An already better solution is to provide a wrapper class that internally uses those two structures: it gives you encapsulation and isolation and as a result, you are able to write only once the code that syncs both structures on, say, add or merge (and so you gain reusability). Even more important, you are able to unit test your class in isolation and hence have a reasonable guarantee that it’s going to do its job without experienc­ing bugs every time you use it in your application (that is, provided you do write good and thorough unit tests, acing the edge cases and challenging the behavior of your class in all possible contexts).

So, let’s assume we agree on the need to write a class that takes care of the whole prob­lem, keeping track of which (disjoint) subset an element belongs to, and encapsulat­ing all the logic in it. We are going to delay the discussion on implementation for now: before focusing on the details, let’s discuss its public API and behavior.

Depending on the size of the catalog, we could even fit such a data structure in memory, but let’s instead assume that we set up a REST service (illustrated in figure 5.3) based on a persisted Memcached-like storage, something like Redis. Durability of the data is important in this case, because in our example, the monitoring activity over the items will last for years, and we don’t want to recompute the whole disjoint set structure every time there is a change or a new product is added.

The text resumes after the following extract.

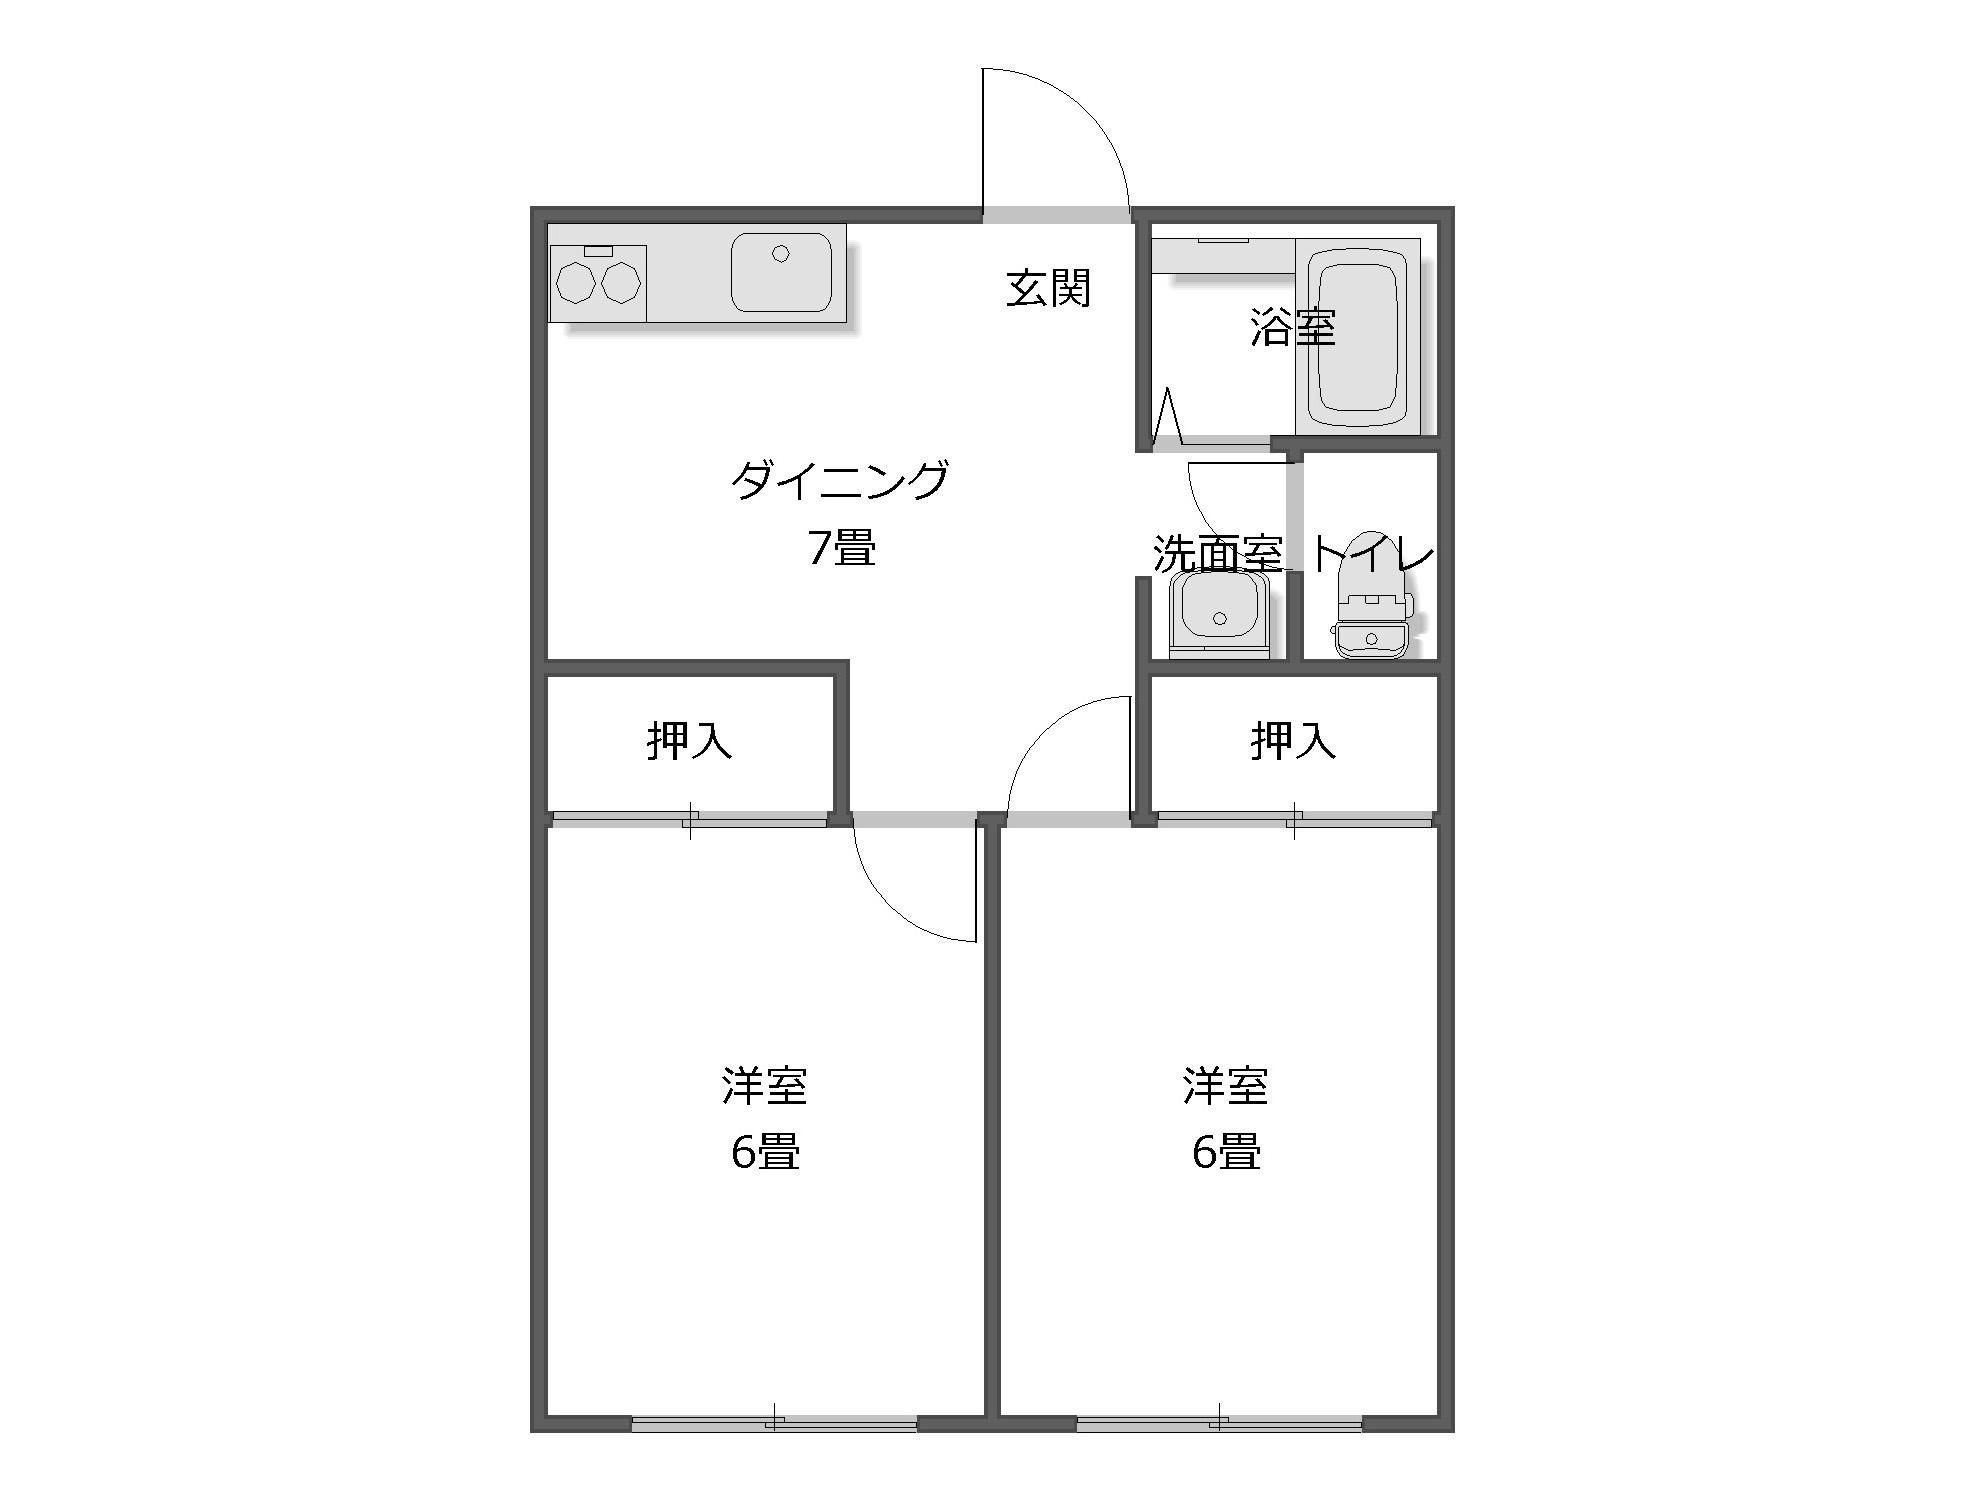 2DK 東京都三鷹市・空室対策前

Alternatively, if the size of the universe is small enough to fit in memory, it could be possible to imagine a synchronization mechanism that periodically serializes our in­memory data structure into a persistent database.

3. Describing the data structure API: Disjoint set

In our design, our data structure needs to offer only a few, though crucial, operations.

First, we’d like, obviously, to initialize our instance on construction. Without any loss of generality, we can restrict to the case where the Universe U, that is, the set of all possible elements, is known in advance and static. We also assume that initially every element is in its own partition. Workarounds to support violations to these assumptions are easily achievable by making wise use of dynamic arrays and the class’s very own methods.

Finally, throughout this chapter we assume the elements of our Universe U are the integers between 0 and n-1. This is not a real restriction, because we can easily associ­ate an index to each of the actual elements of U.

Initialization, therefore, just takes care of allocation of the basic fields needed by the class and assigns each element into its own partition.

The findPartition method, when called on an element x of U, will return the par­tition to which x belongs. This output might not be meaningful outside of the instance of our data structure: think of this method mostly as a protected method for the class, or even consider restricting its visibility to private.

The two main operations that we’d like to perform are

  • Given two elements x and y, both belonging to U, we’d like to check if they belong to different partitions (areDisjoint).
  • Given two elements x and y, we’d like to merge their partitions into a single one (merge).